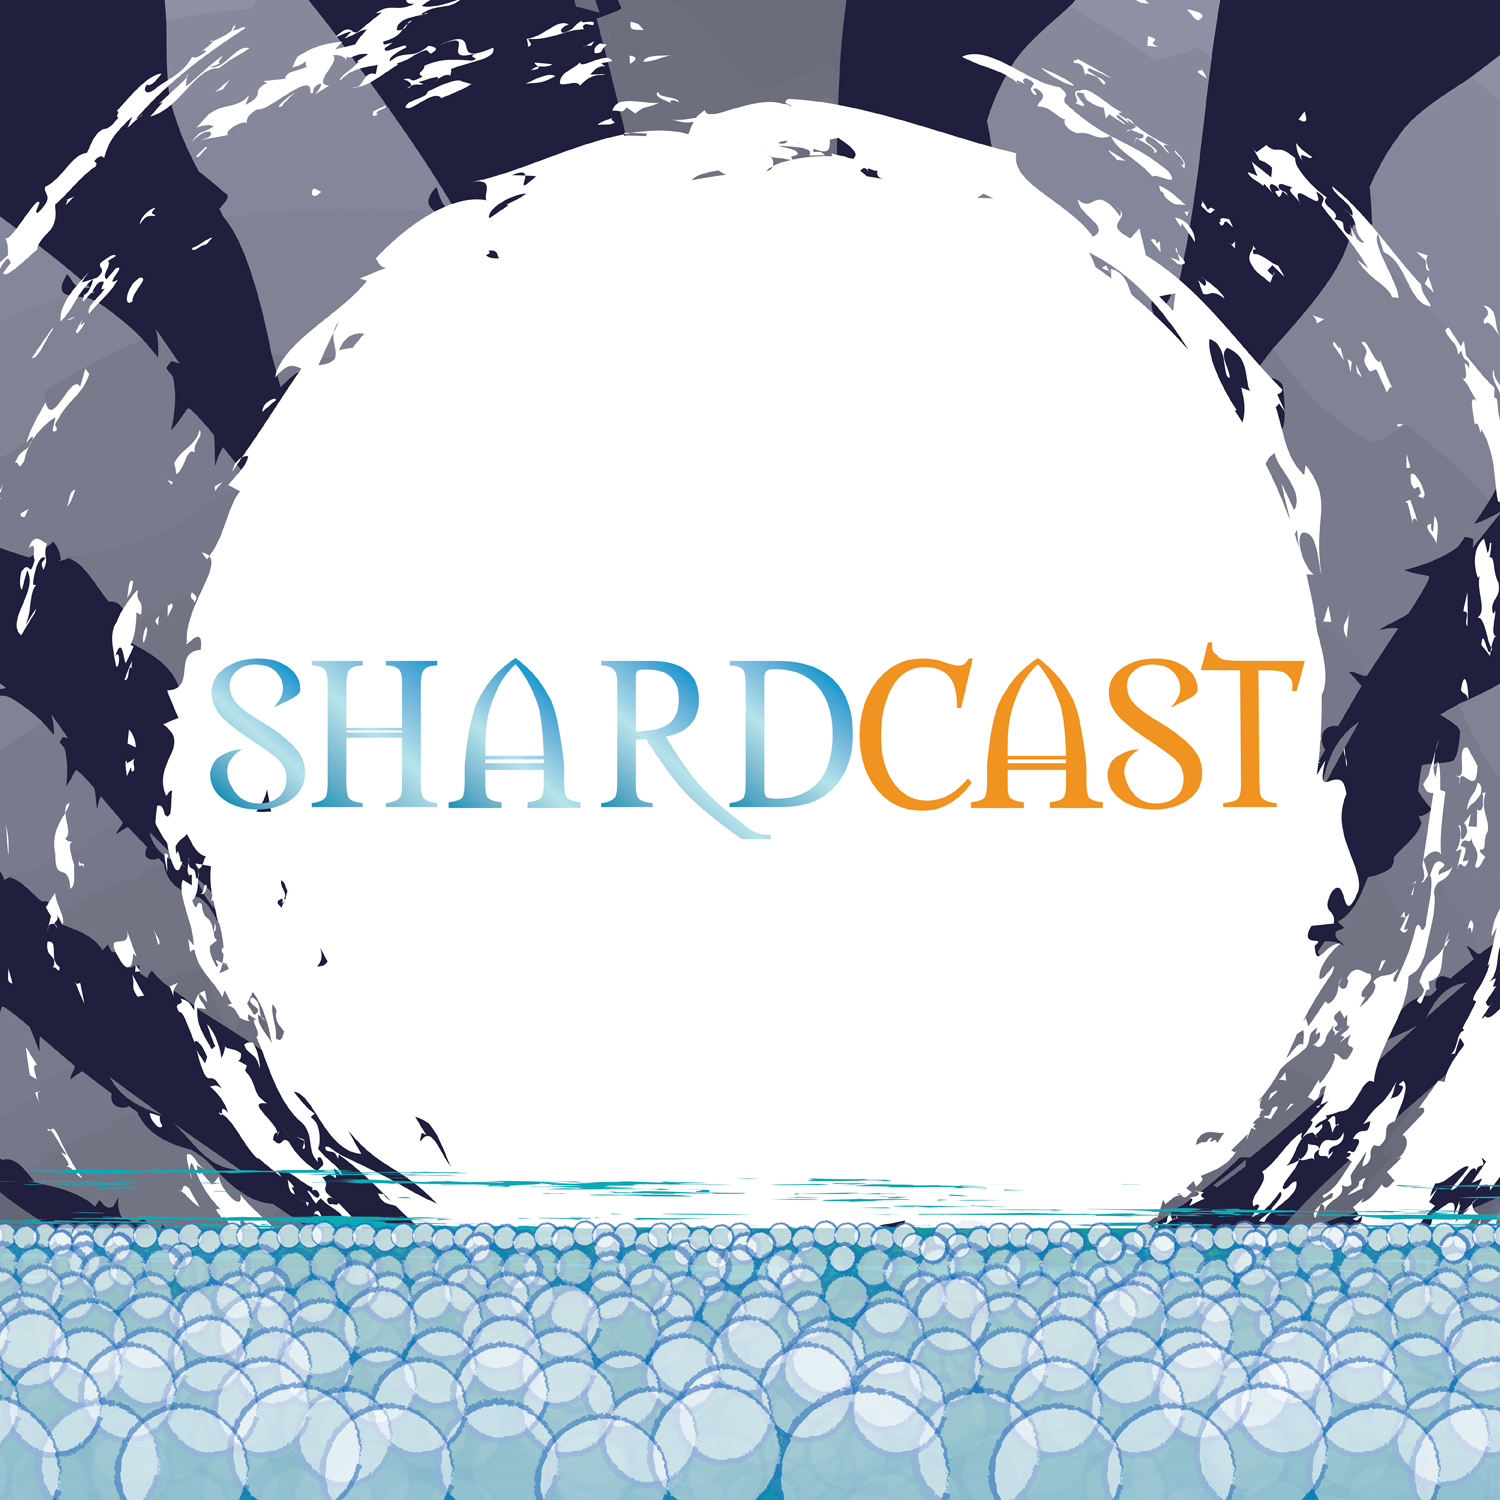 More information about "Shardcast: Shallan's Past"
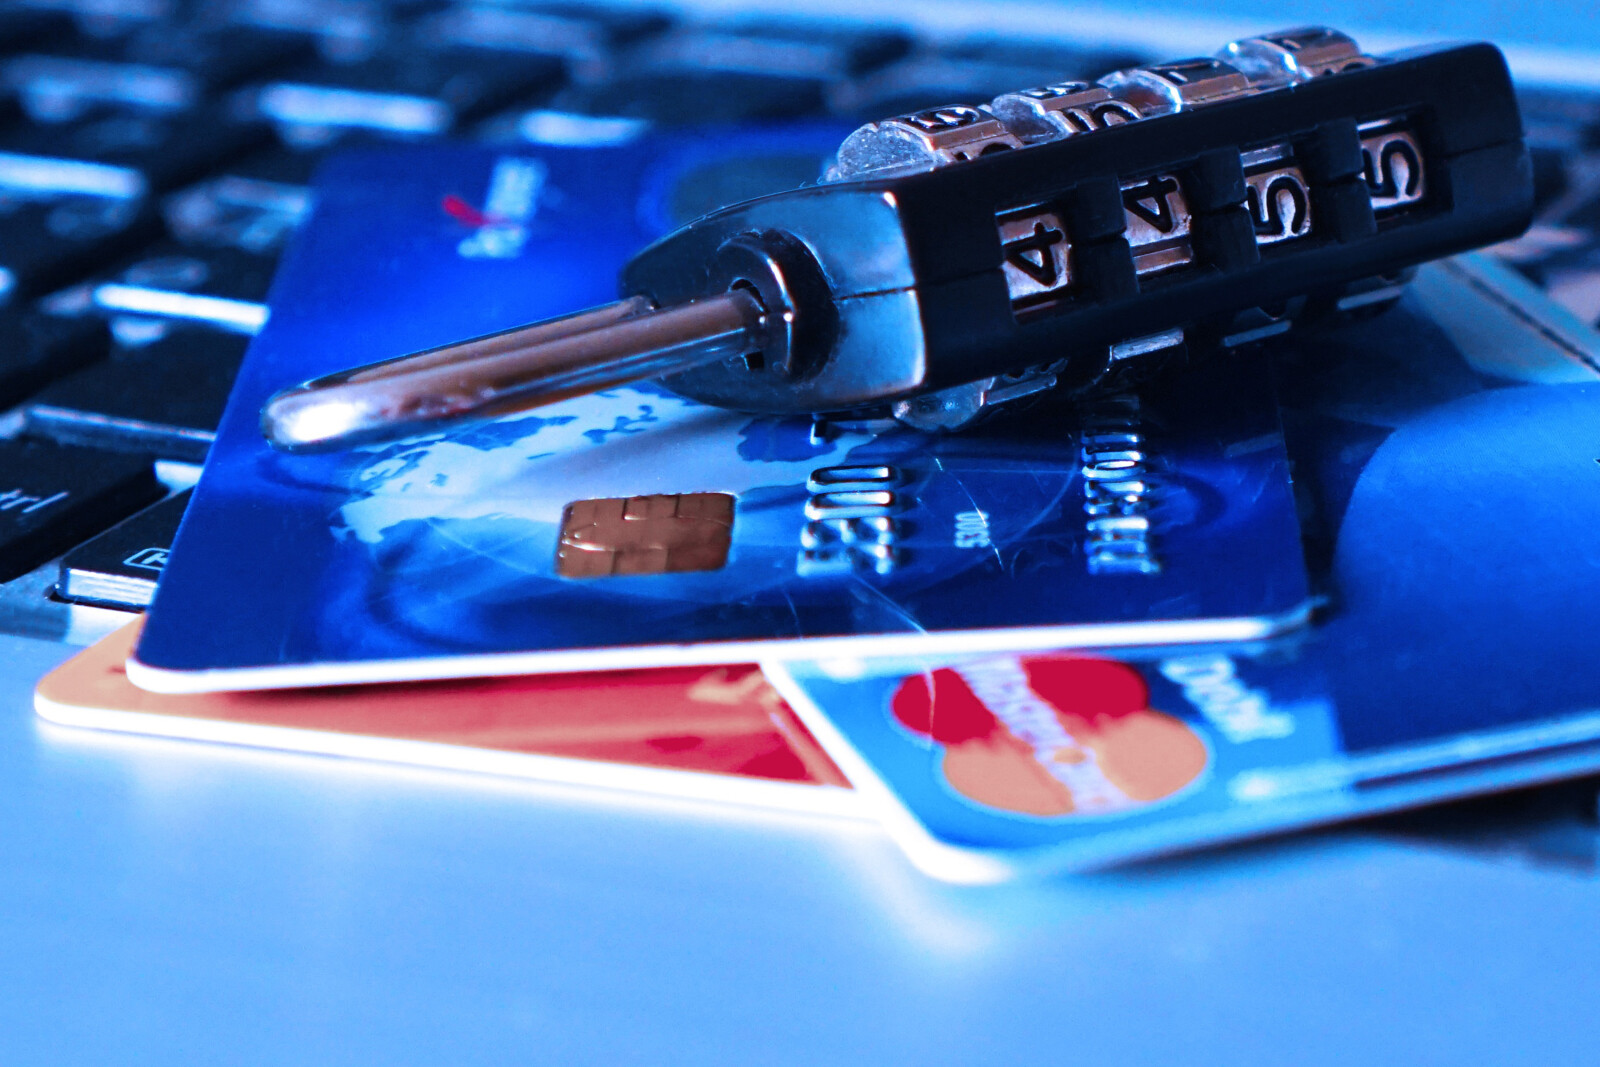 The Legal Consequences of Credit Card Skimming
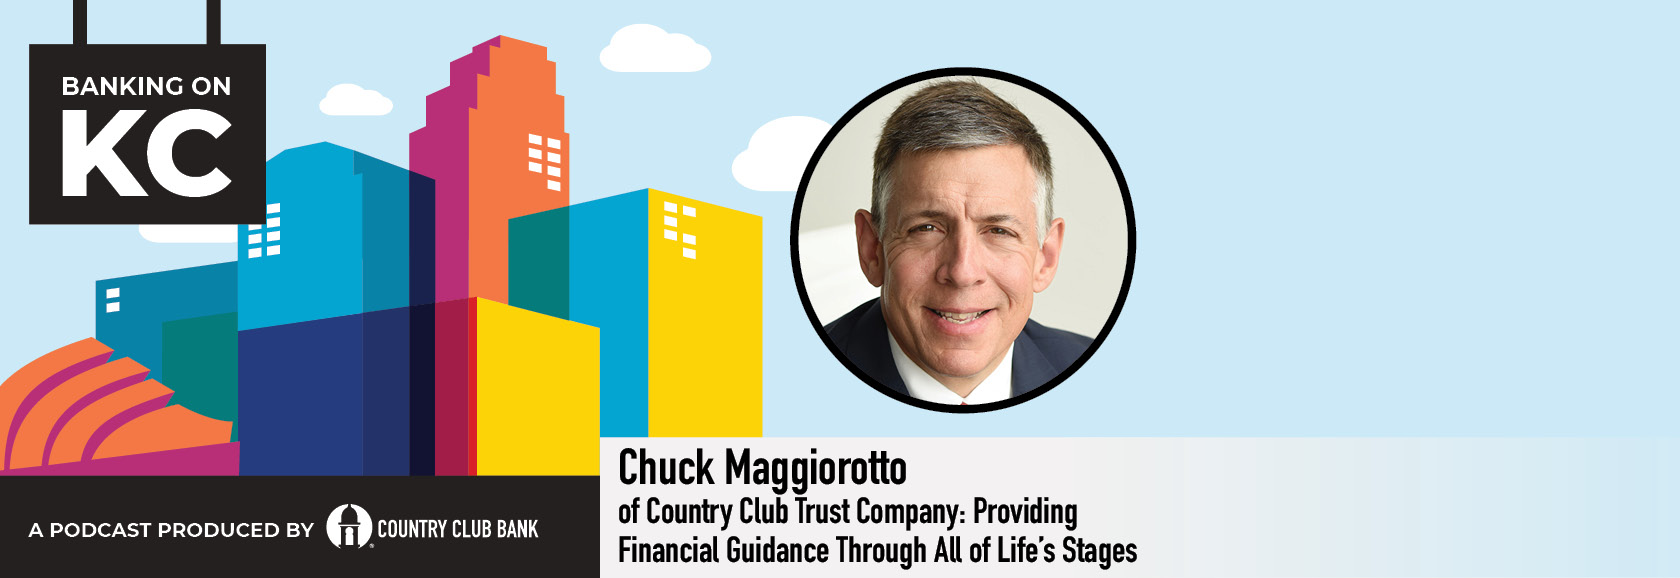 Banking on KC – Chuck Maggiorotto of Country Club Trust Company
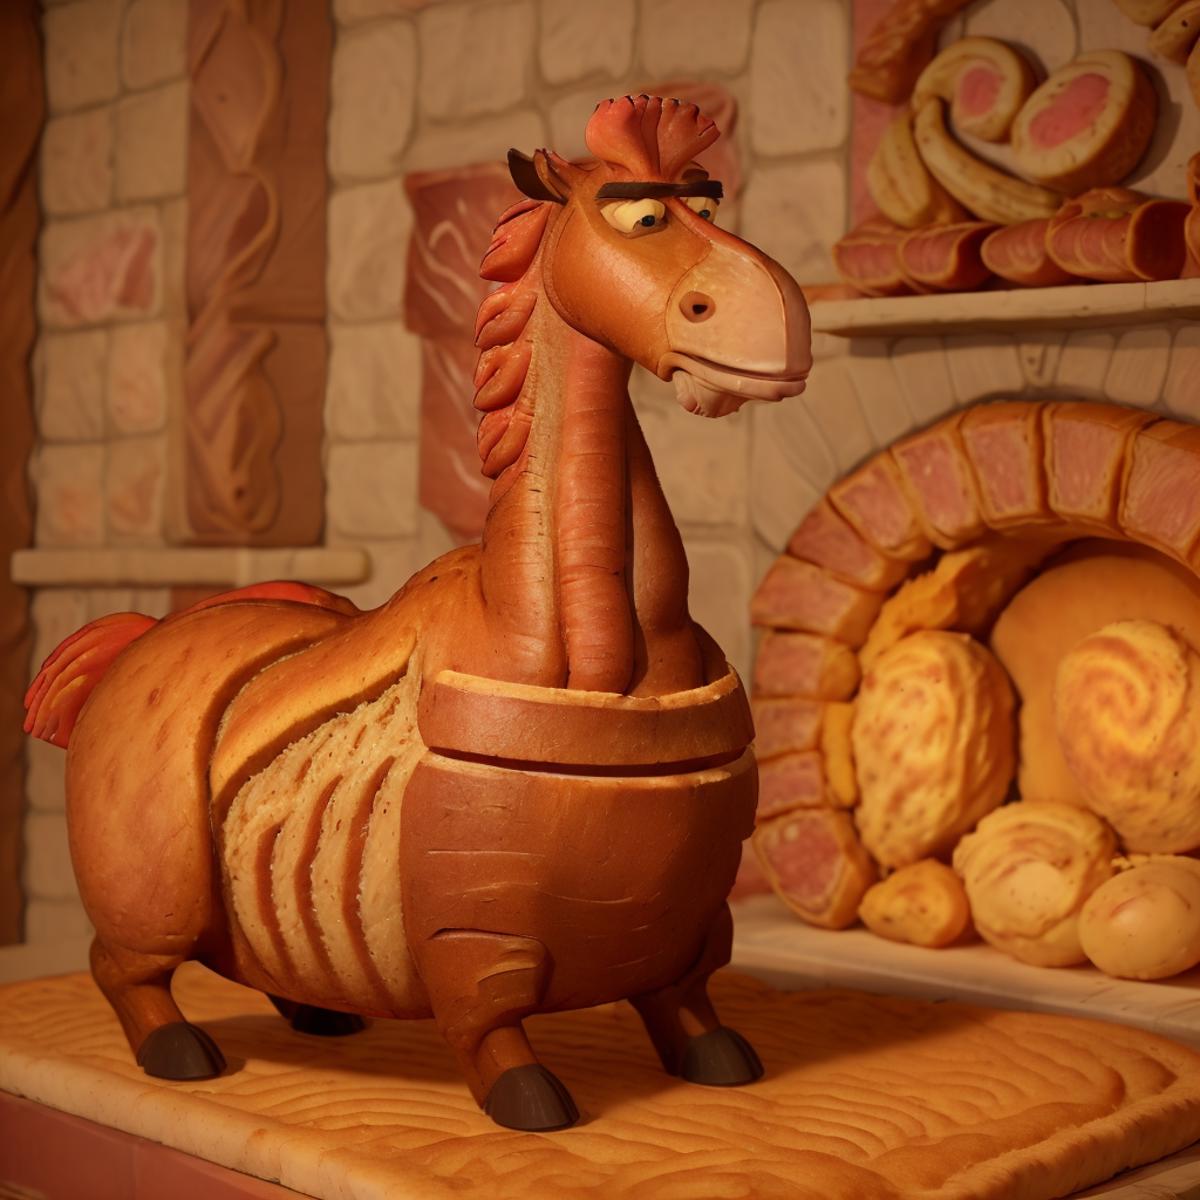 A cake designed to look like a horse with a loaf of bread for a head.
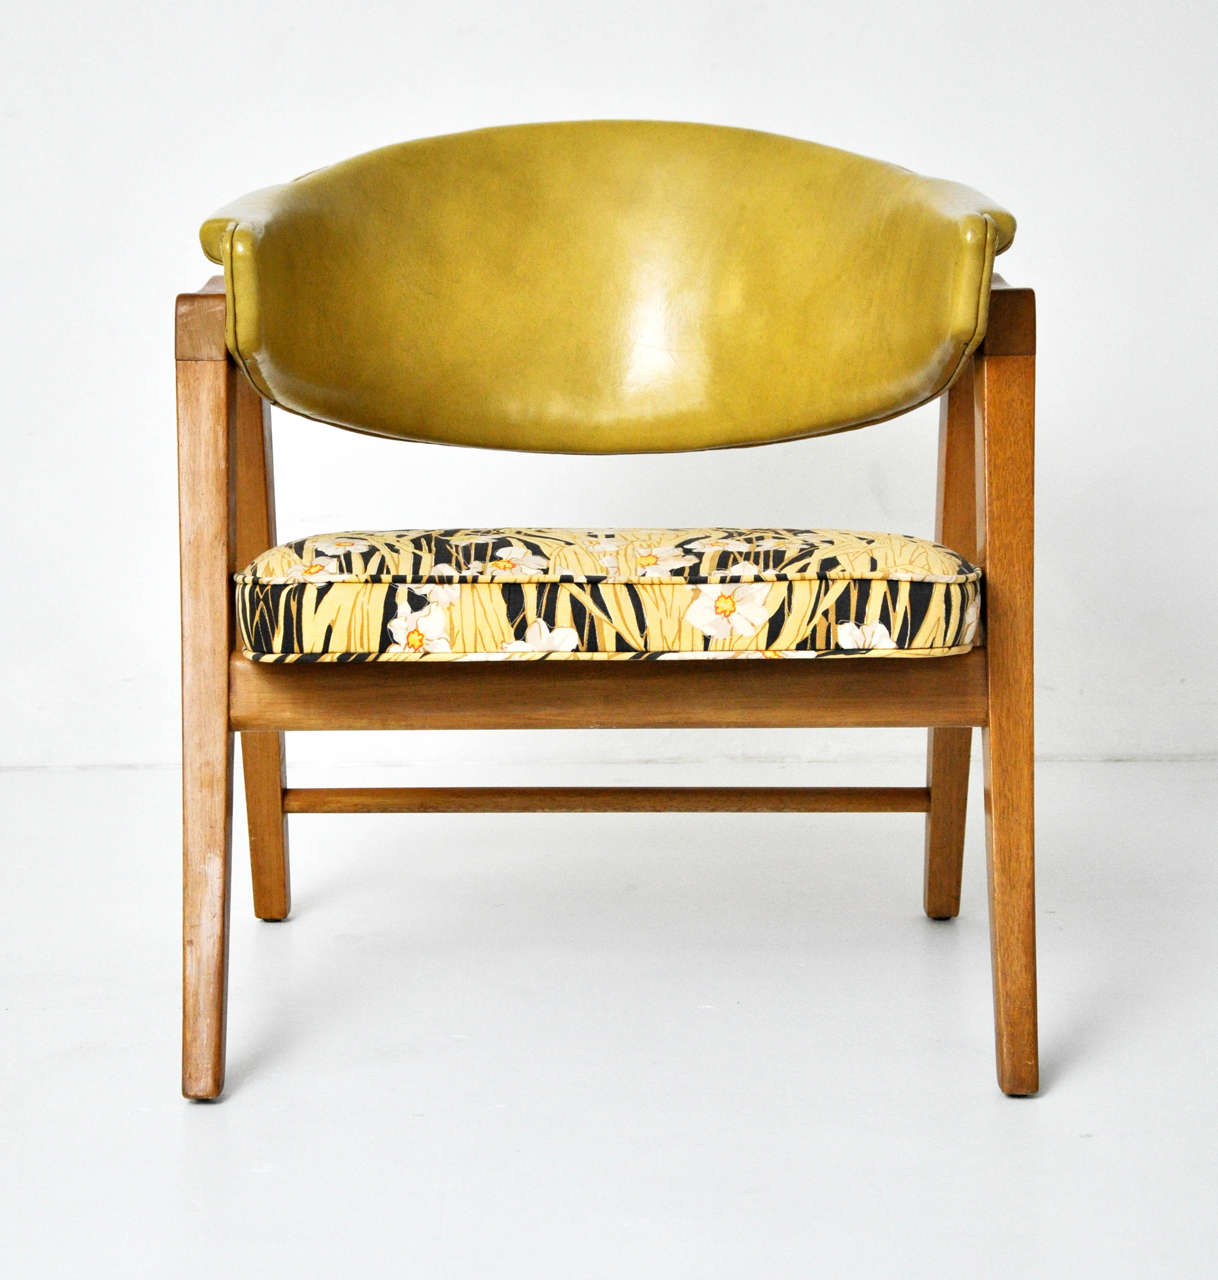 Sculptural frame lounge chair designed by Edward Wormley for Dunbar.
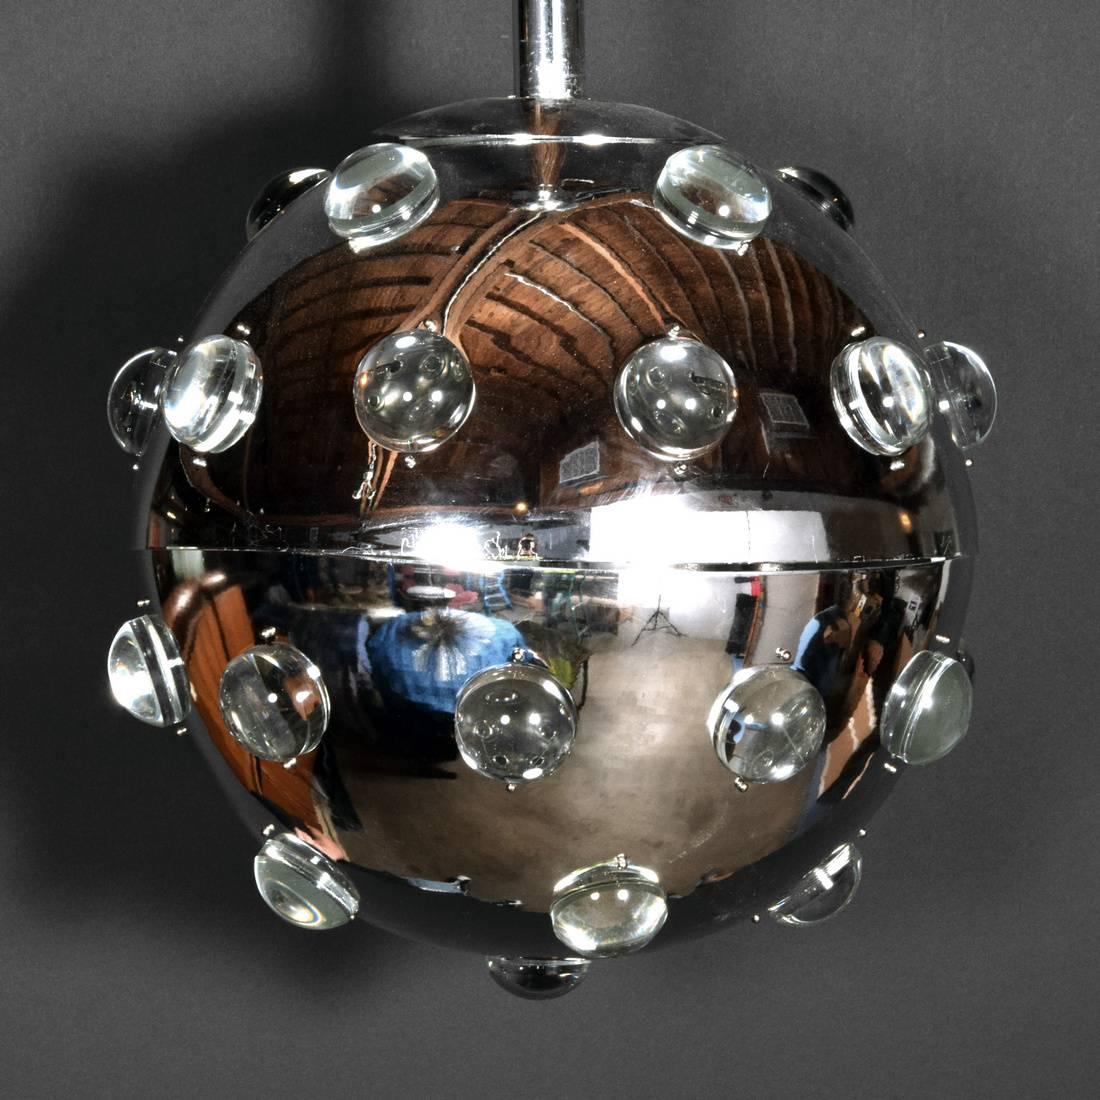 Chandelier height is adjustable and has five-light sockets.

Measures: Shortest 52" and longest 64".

#### [AIM OF THE EXERCISE]
For this copy, leave pictures out and reproduce the lines from the one bearing "The Legal Consequences" through the final line of the listing above, both ends included.

#### [COMPLETED EXERCISE]
 The Legal Consequences of Credit Card Skimming
 Banking on KC – Chuck Maggiorotto of Country Club Trust Company
 A cake designed to look like a horse with a loaf of bread for a head.
 Sculptural frame lounge chair designed by Edward Wormley for Dunbar.
 Chandelier height is adjustable and has five-light sockets.

Measures: Shortest 52" and longest 64".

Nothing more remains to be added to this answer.